2. Commitment to clear, concise & kind communication
I’d be lying if I said we didn’t have a big advantage on this one, given what we do! We constantly lean on our communication tool, Crucial Conversations, to help us have high stakes conversations effectively. This step means:
- Clear expectations and deadlines
- High level transparency from leadership down
- Having crucial conversations in a timely manner
- Resetting expectations should something change, ASAP (deadline, workload commitment, etc.)
- Holding team members to their word, kindly (no blame game here!)
- Asking the cost of additional requests/workload
- Pointing out when an action or communication is inconsistent with our values (again, kindly)
- Encourage others to provide feedback
- Provide feedback through inquiry (don’t make assumptions, seek facts)
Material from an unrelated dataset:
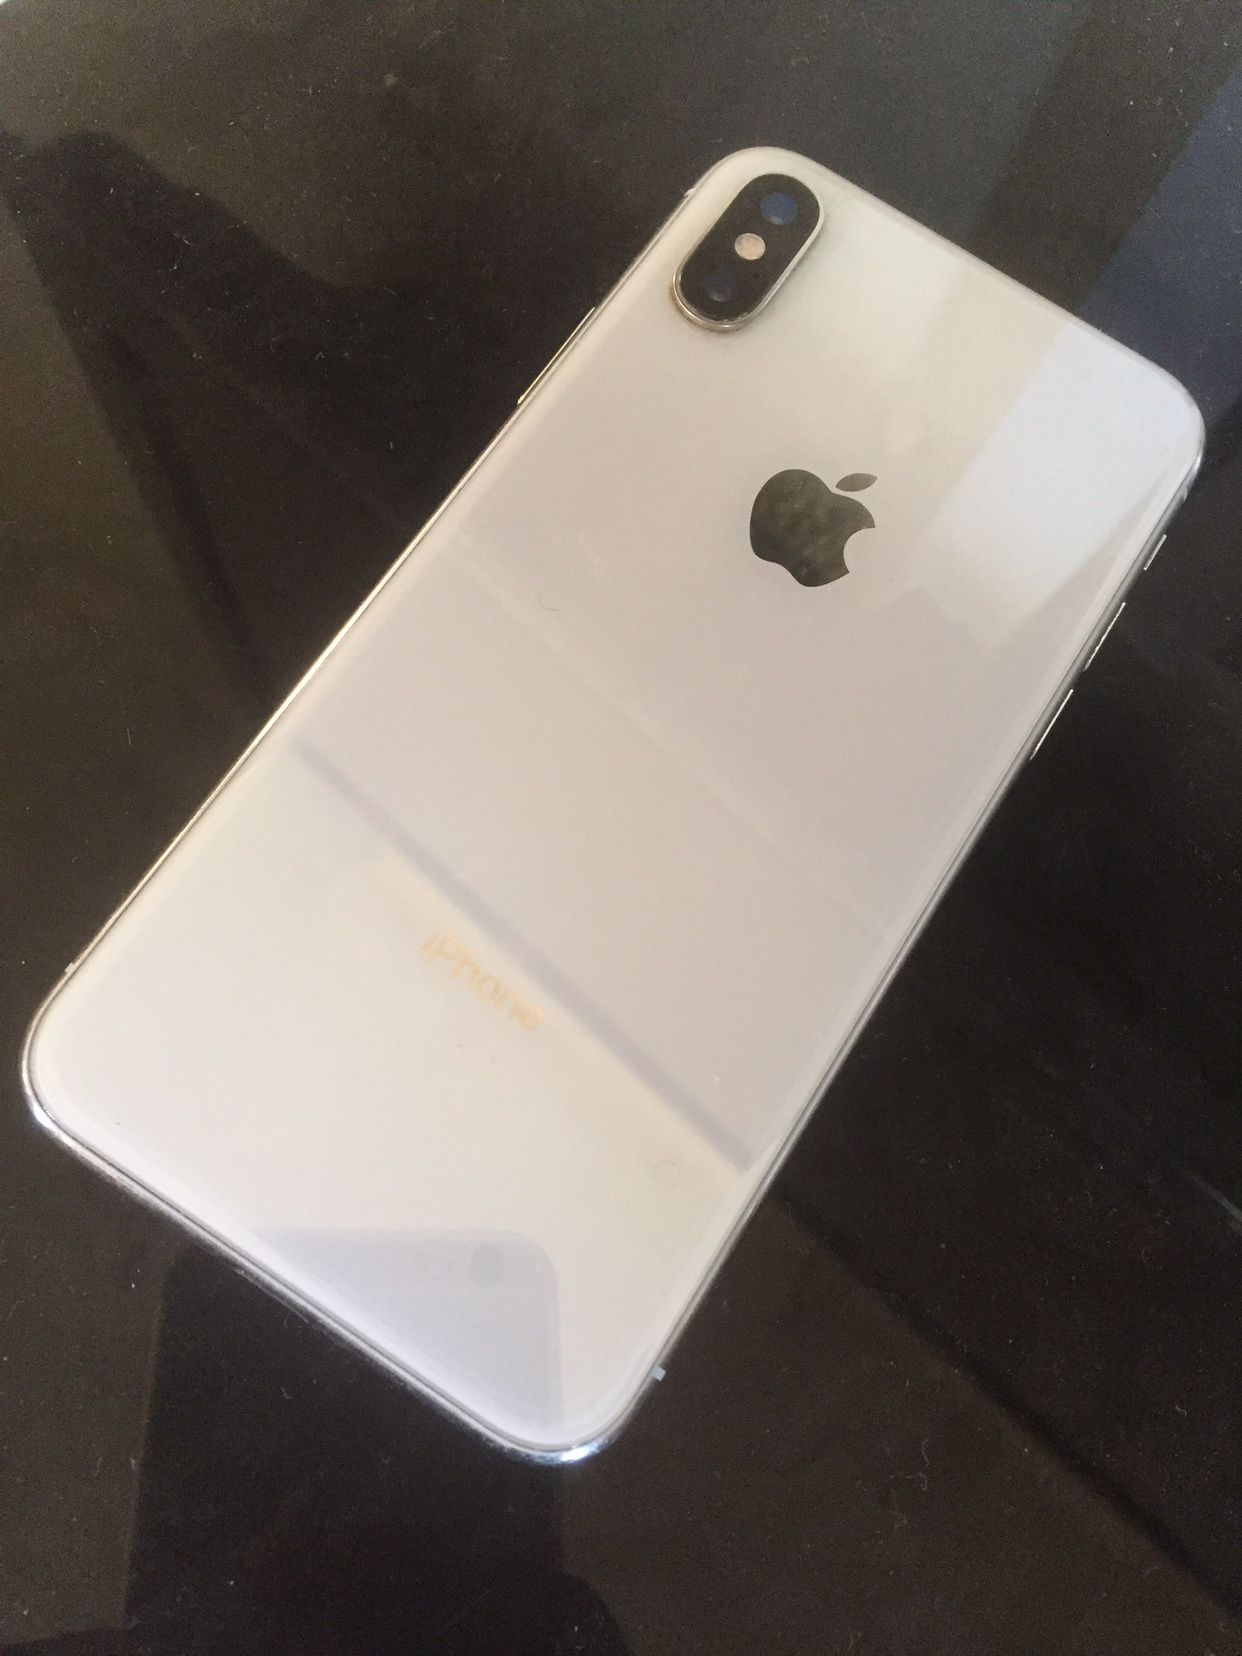 Apple iPhone X - 64GB - Silver (Unlocked) A1901 (GSM) (CA)

- Expressing gratitude regularly, especially when someone cares enough to have the tough conversation
- Providing potential solutions, or a willingness to help, when pointing out problems
- Abiding by the Crucial Conversations model
3. Responsibilities, not defined roles or titles
This one is an important piece of the puzzle, but can’t be taken out of this context. Everyone is given responsibilities, a part of the project that their name goes on and they must see to completion. These are not defined roles, which means should something happen for an reason, the excuse “It’s not my job” has no meaning. That does not mean we ignore skill level, experience etc., it just means we aren’t locking someone to tasks by title. Additionally, the entire team is responsible for picking up any slack left by another team member.
4. Align people based on their strengths
This stems directly from #3; if we have responsibilities or niches, rather than defined roles, it’s a lot easier to have people doing what they’re great at most of the time. Chances are, if someone is working in their sweet spot, they’ll actually want to get the work done and show the team just how awesome they are at what they do. It feels good to them, and it makes the team look good. This also encourages people to collaborate, which oddly enough tends to be lacking on teams. It also encourages diversity of talent; instead of making people fit into a predefined mold, you build the team based on the strengths of the awesome people you have.
We based our values on the book, The Four Agreements. Pick up a copy today!
The Four Agreements: A Practical Guide to Personal Freedom (A Toltec Wisdom Book)
The intricacies of accountability.
The list I have provided here is very high-level. Consider this the framework to the puzzle of how to create team cultures of accountability. We also make sure when we hire, we are selecting people who are performing in their current or previous roles, and identify with/align to our values!
I should also leave you with this disclaimer:
The best teams put in the work to be the best.
As much as we all love instant gratification, building and sustaining anything worthwhile takes work. While anyone can hand you a toolkit and claim it will fix your problems, it’s not magical; you have to actually do the work and use the tools!